*WHAT IS REQUIRED*. Please restate exactly the lines from the one holding "Western Powersports Gloves" to the end of the material, including both ends and excluding every picture.

*SOURCE DATA*.
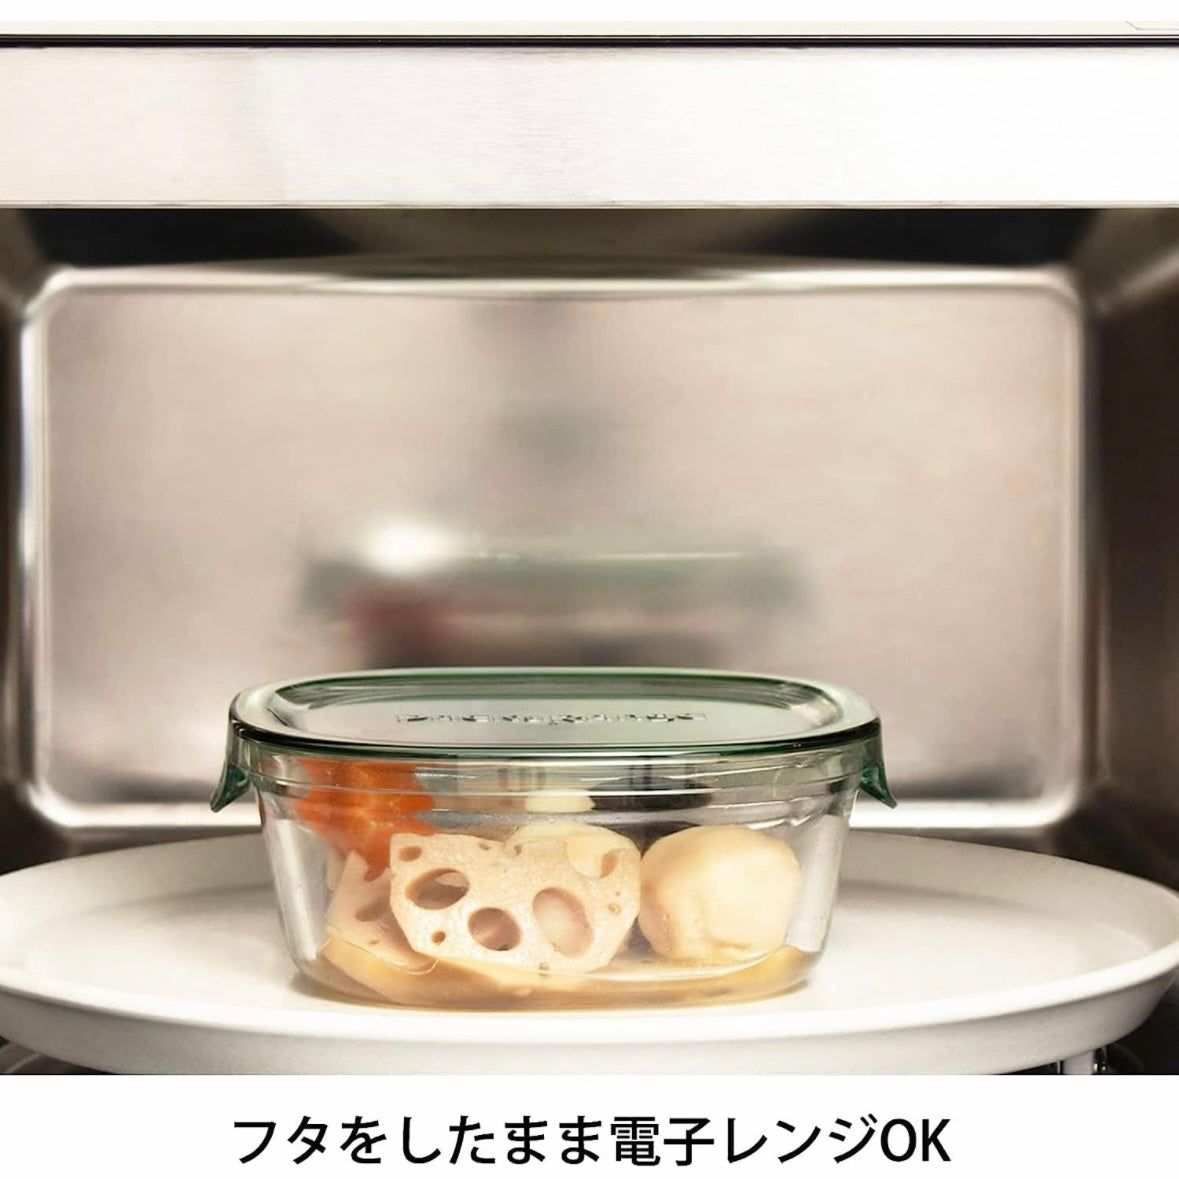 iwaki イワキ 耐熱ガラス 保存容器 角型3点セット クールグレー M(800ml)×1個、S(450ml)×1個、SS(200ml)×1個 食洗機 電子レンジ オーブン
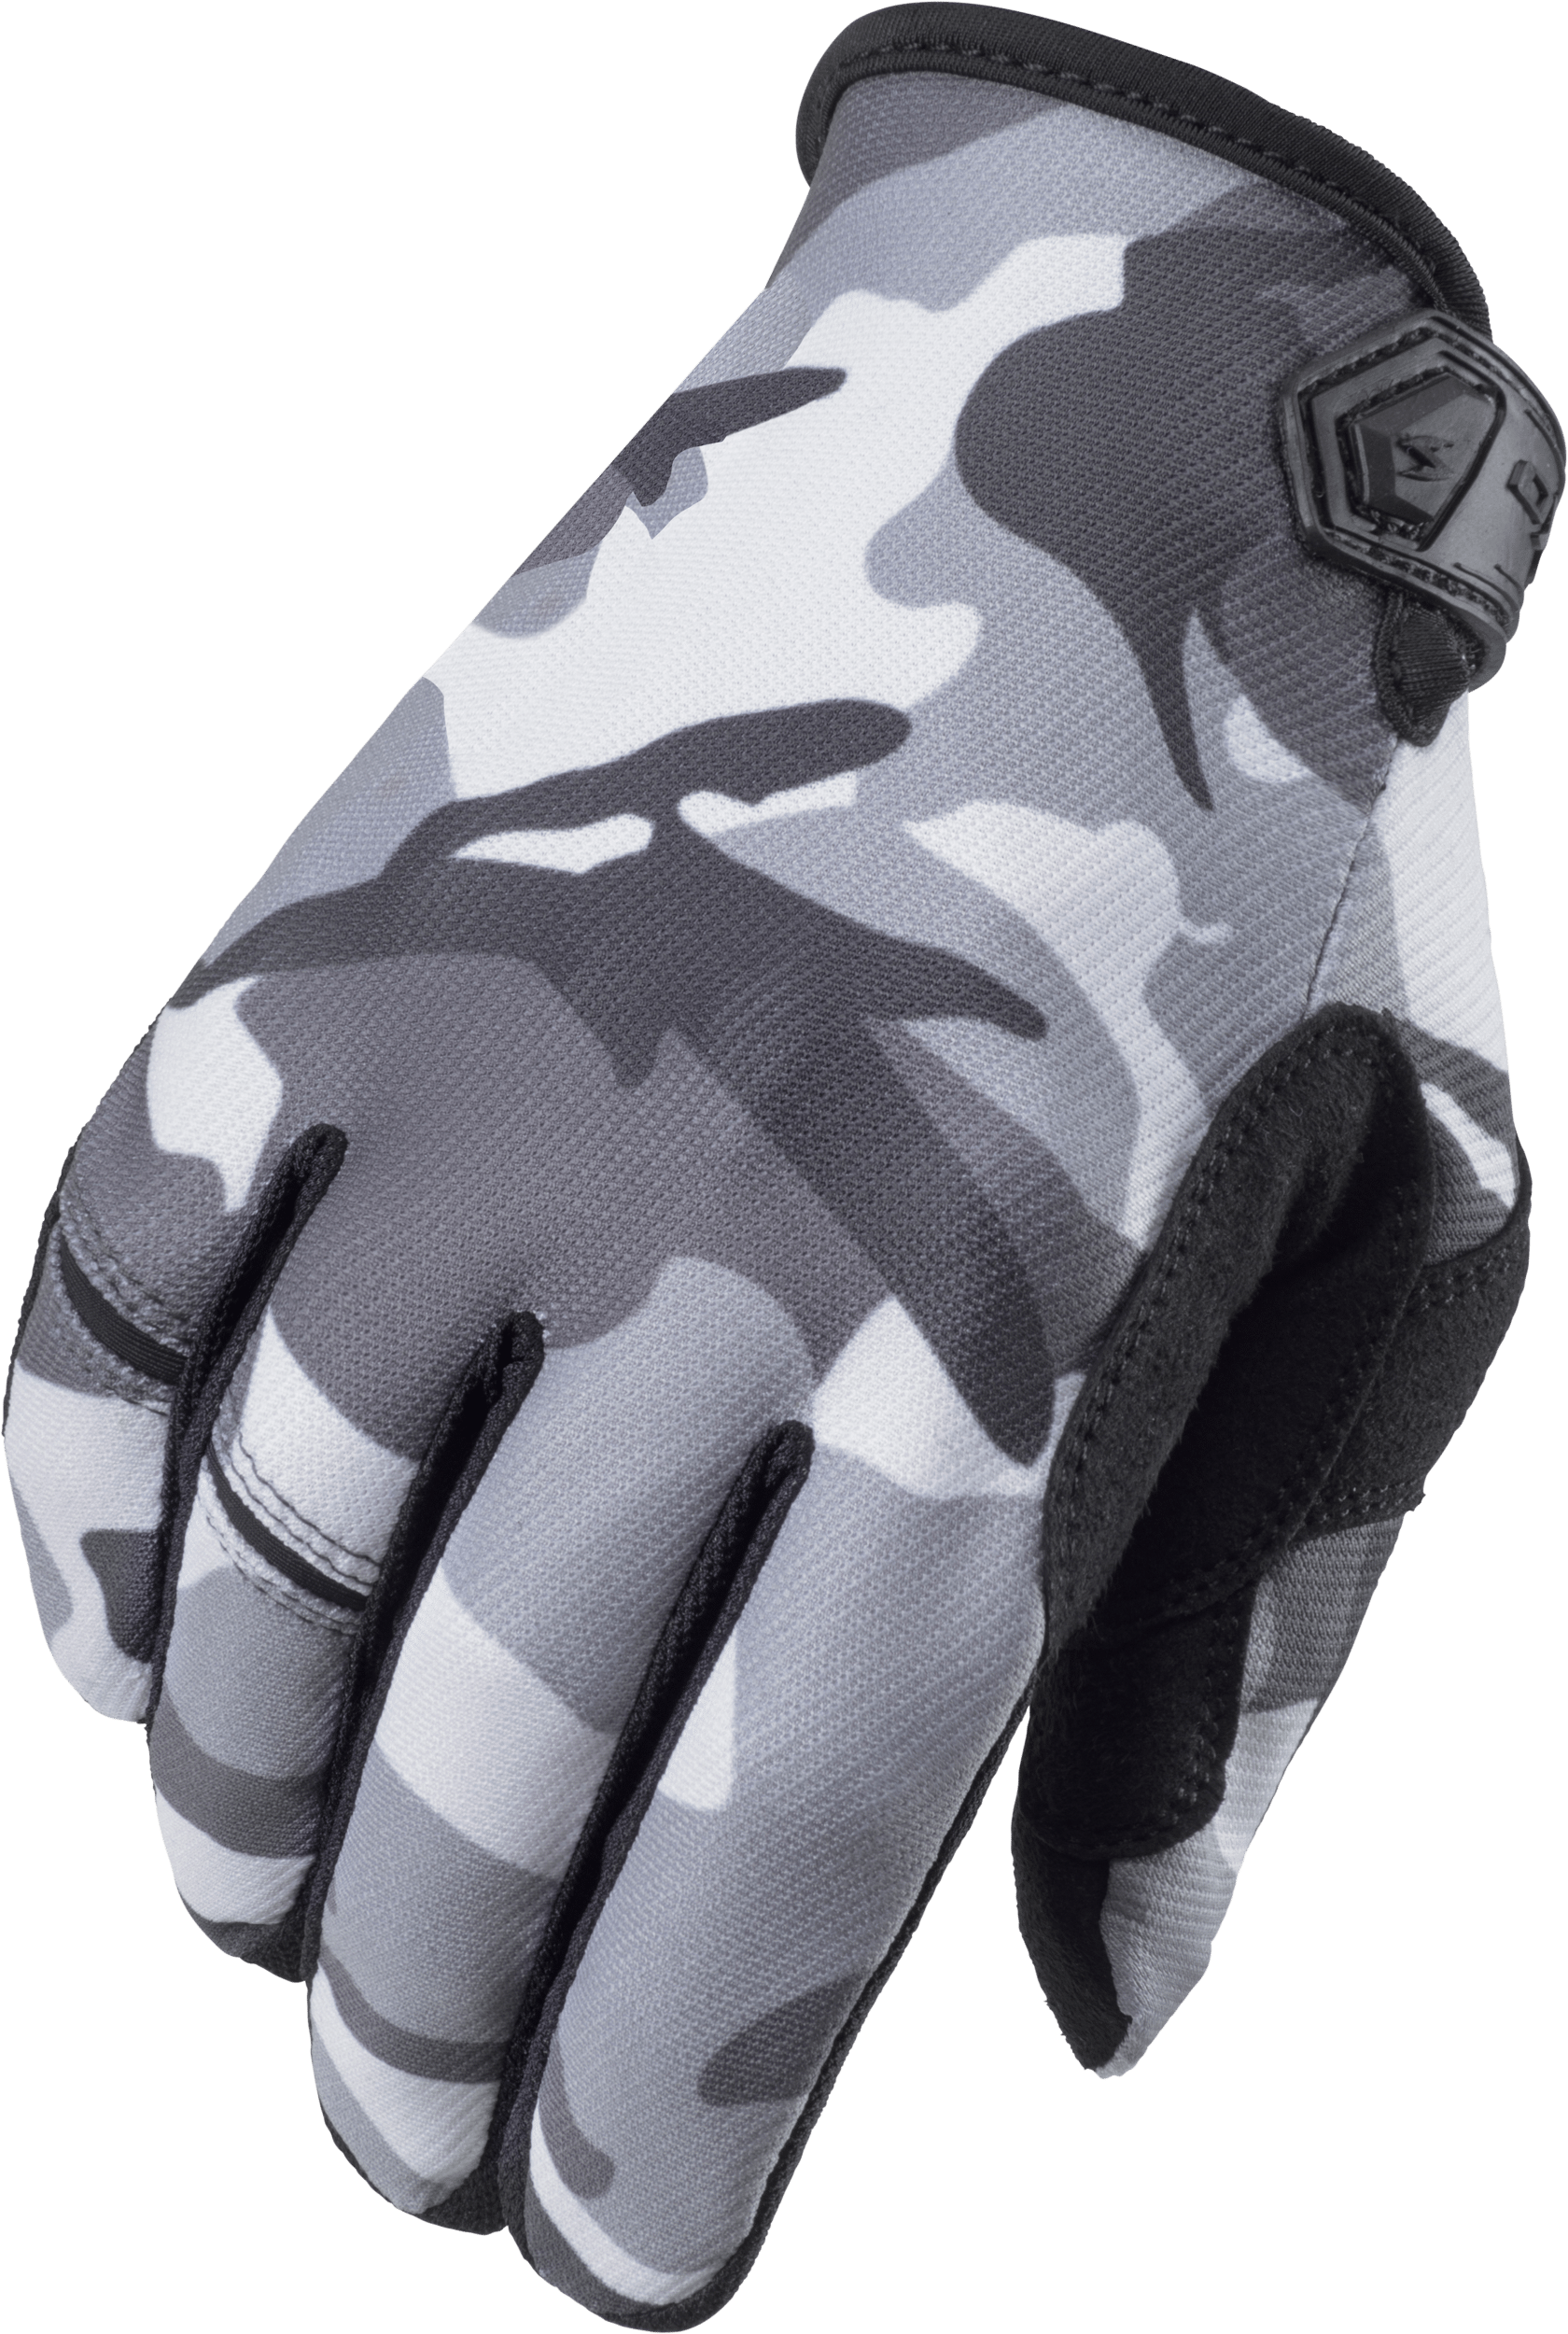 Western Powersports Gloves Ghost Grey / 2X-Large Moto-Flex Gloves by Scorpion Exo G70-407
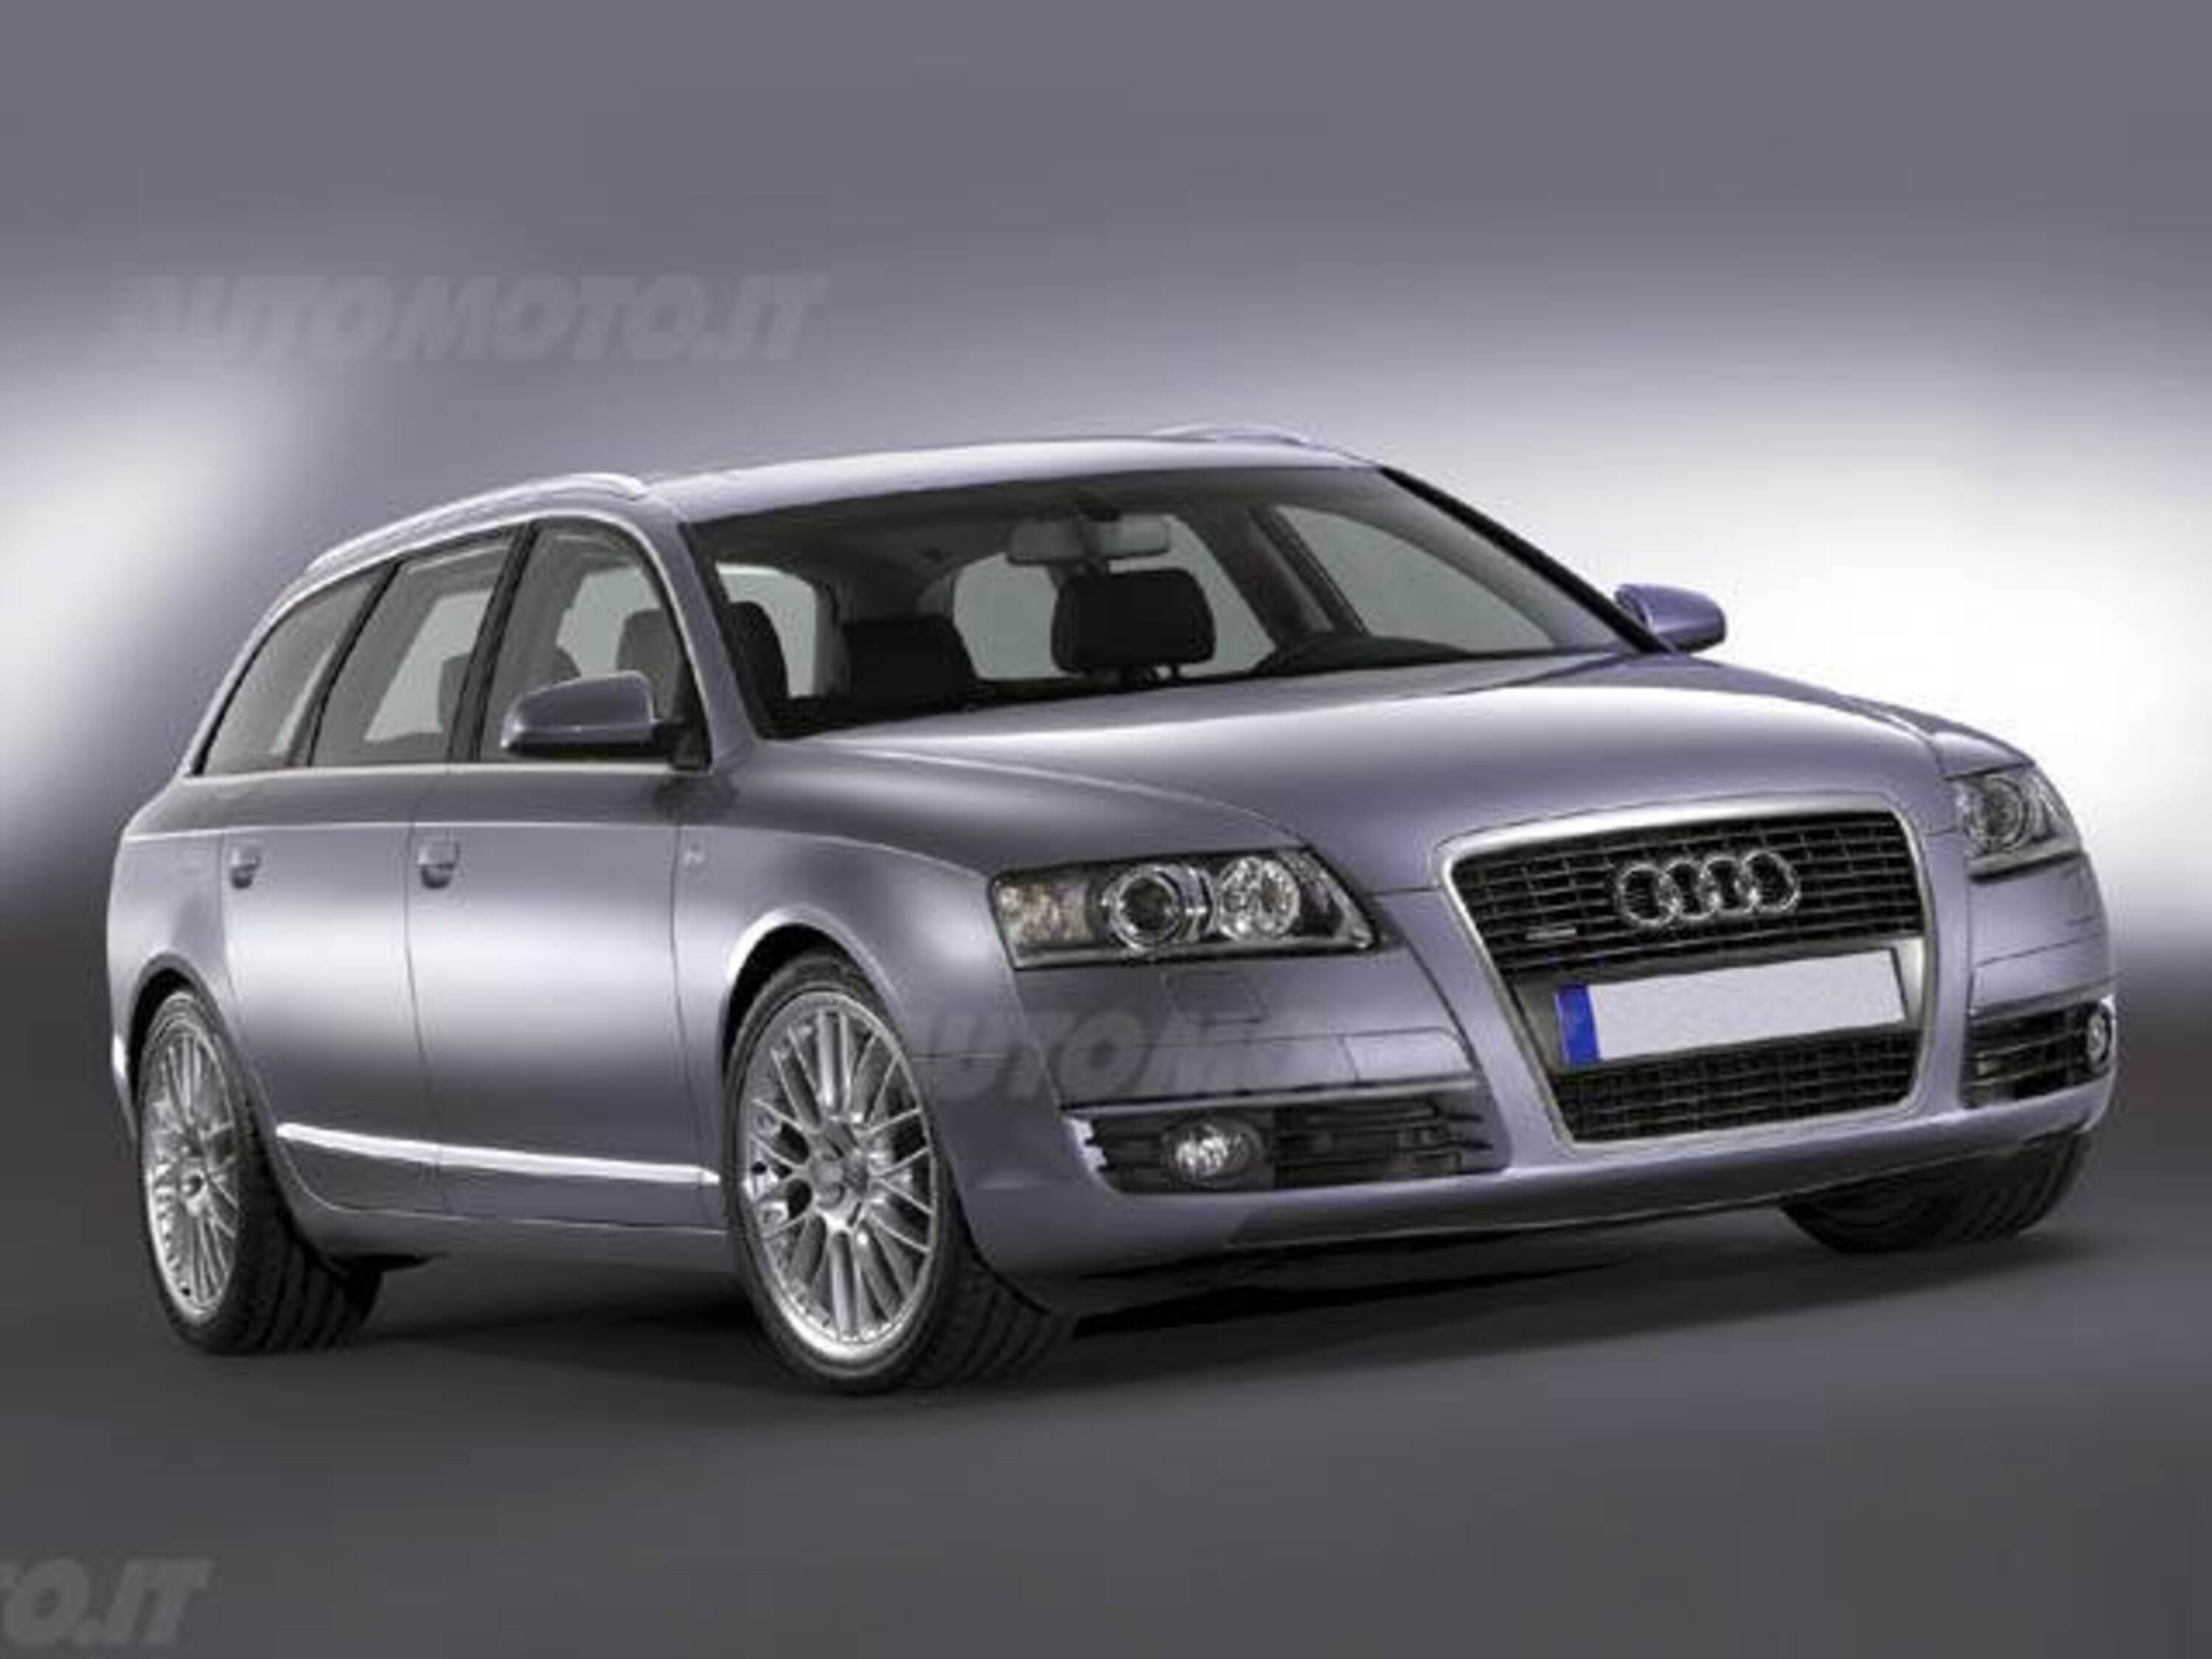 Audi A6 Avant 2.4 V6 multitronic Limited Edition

*EXERCISE RESPONSE*.
 Western Powersports Gloves Ghost Grey / 2X-Large Moto-Flex Gloves by Scorpion Exo G70-407
 Audi A6 Avant 2.4 V6 multitronic Limited Edition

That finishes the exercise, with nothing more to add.